5.7.2: Free Energy and Temperature

So we have two very clear-cut cases that allow us to predict whether a process will occur: where the enthalpy and entropy predict the same outcome. But there are two possible situations where the enthalpy change and the entropy term (TΔS) “point” in different directions. When ΔH is positive and ΔS is positive, and when ΔH is negative while ΔS is negative. When this happens, we need to use the fact that the free energy change is temperature-dependent in order to predict the outcome. Recall that the expression ΔG = ΔH – TΔS depends upon temperature. For a system where the entropy change is positive (+ΔS), an increase in temperature will lead to an increasingly negative contribution to ΔG. In other words, as the temperature rises, a process that involves an increase in entropy becomes more favorable. Conversely, if the system change involves a decrease in entropy, (ΔS is negative), ΔG becomes more positive (and less favorable) as the temperature increases.

The idea that temperature affects the direction of some processes is perhaps a little disconcerting. It goes against common-sense that if you heat something up a reaction might actually stop and go backwards (rest assured we will come back to this point later). But in fact there are a number of common processes where we can apply this kind of reasoning and find that they make perfect sense.

Up to this point, we have been considering physical changes to a system—populations of molecules going from solid to liquid or liquid to gaseous states (and back). Not really what one commonly thinks of as chemistry, but the fact is that these transformations involve the making and breaking of interactions between molecules. We can therefore consider phase transitions as analogous to chemical reactions, and because they are somewhat simpler, develop a logic that applies to both processes. So let us begin by considering the phase change/reaction system

H2O (liquid) ⇌ H2O (gas).

We use a double arrow ⇌ to indicate that, depending upon the conditions the reaction

could go either to the right (boiling) or to the left (condensing). So, let us assume for the moment that we do not already know that water boils (changes from liquid to gas) at 100 ^oC. What factors

would determine whether the reaction H2O (liquid) ⇌ H2O (gas) favors the liquid or the gaseous state at a particular temperature? As we have seen, the criterion for whether a process will “go” at a particular temperature is ΔG. We also know that the free energy change for a reaction going in one direction is the negative of the ΔG for the reaction going in the opposite direction.
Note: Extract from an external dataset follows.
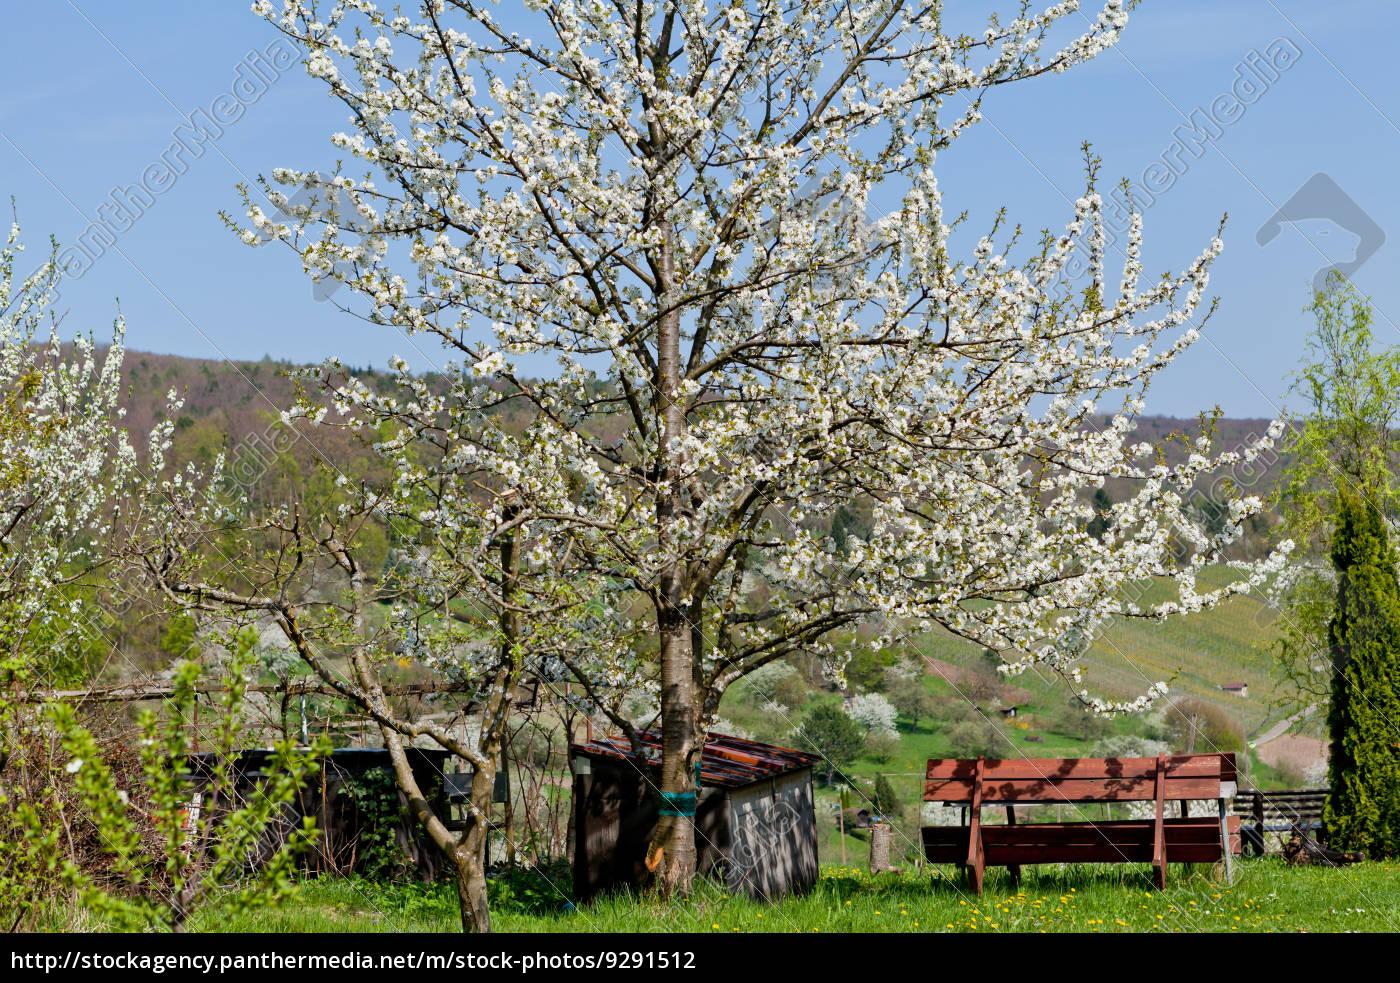 baum obstbaum kirschbaum mit wei en bl ten auf einer lizenzfreies foto 9291512. Black Bedroom Furniture Sets. Home Design Ideas

So that the ΔG for the reaction: H2O (liquid) ⇌ H2O (gas) is –ΔG for the reaction H2O (gas) ⇌ H2O (liquid).

When water boils, all the intermolecular attractions between the water molecules must be overcome, allowing the water molecules to fly off into the gaseous phase. Therefore, the process of water boiling is endothermic (ΔHvaporization = +40.65 kJ/mol); it requires an energy input from the surroundings (when you put a pot of water on the stove you have to turn on the burner for it to boil). When the water boils, the entropy change is quite large (ΔSvaporization = 109 J/mol K), as the molecules go from being relatively constrained in the liquid to gas molecules that can fly around. At temperatures lower than the boiling point, the enthalpy term predominates and ΔG is positive. As you increase the temperature in your pan of water, eventually it reaches a point where the contributions to ΔG of ΔH and TΔS are equal. That is, ΔG goes from being positive to negative and the process becomes favorable. At the temperature where this crossover occurs ΔG = 0 and ΔH = TΔS. At this temperature (373 K, 100 oC) water boils (at 1 atmosphere). At temperatures above the boiling point, ΔG is always negative and water exists predominantly in the gas phase. If we let the temperature drop below the boiling point, the enthalpy term becomes predominant again and ΔG for boiling is positive. Water does not boil at temperatures below 100 oC at one atmosphere.¹¹⁰

Let us now consider a different phase change, such as water freezing. When water freezes, the molecules in the liquid start to aggregate and form hydrogen bonding interactions with each other, and energy is released to the surroundings (remember it is this energy that is responsible for increasing the entropy of the surroundings). Therefore ΔH is negative: freezing is an exothermic process (ΔHfusion = – 6 kJ/mol).¹¹¹ Freezing is also a process that reduces the system’s entropy. When water molecules are constrained, as in ice, their positional entropy is reduced. So, water freezing is a process that is favored by the change in enthalpy and disfavored by the change in entropy. As the temperature falls, the entropy term contributes less to ΔG, and eventually (at the crossover point) ΔGfusion goes to zero and then becomes negative. The process becomes thermodynamically favored. Water freezes at temperatures below 0 oC. At temperatures where phase changes take place (boiling point, melting point), ΔG = 0. Furthermore, if the temperature were kept constant, there would be no observable change in the system. We say that the system is at equilibrium; for any system at equilibrium, ΔG = 0.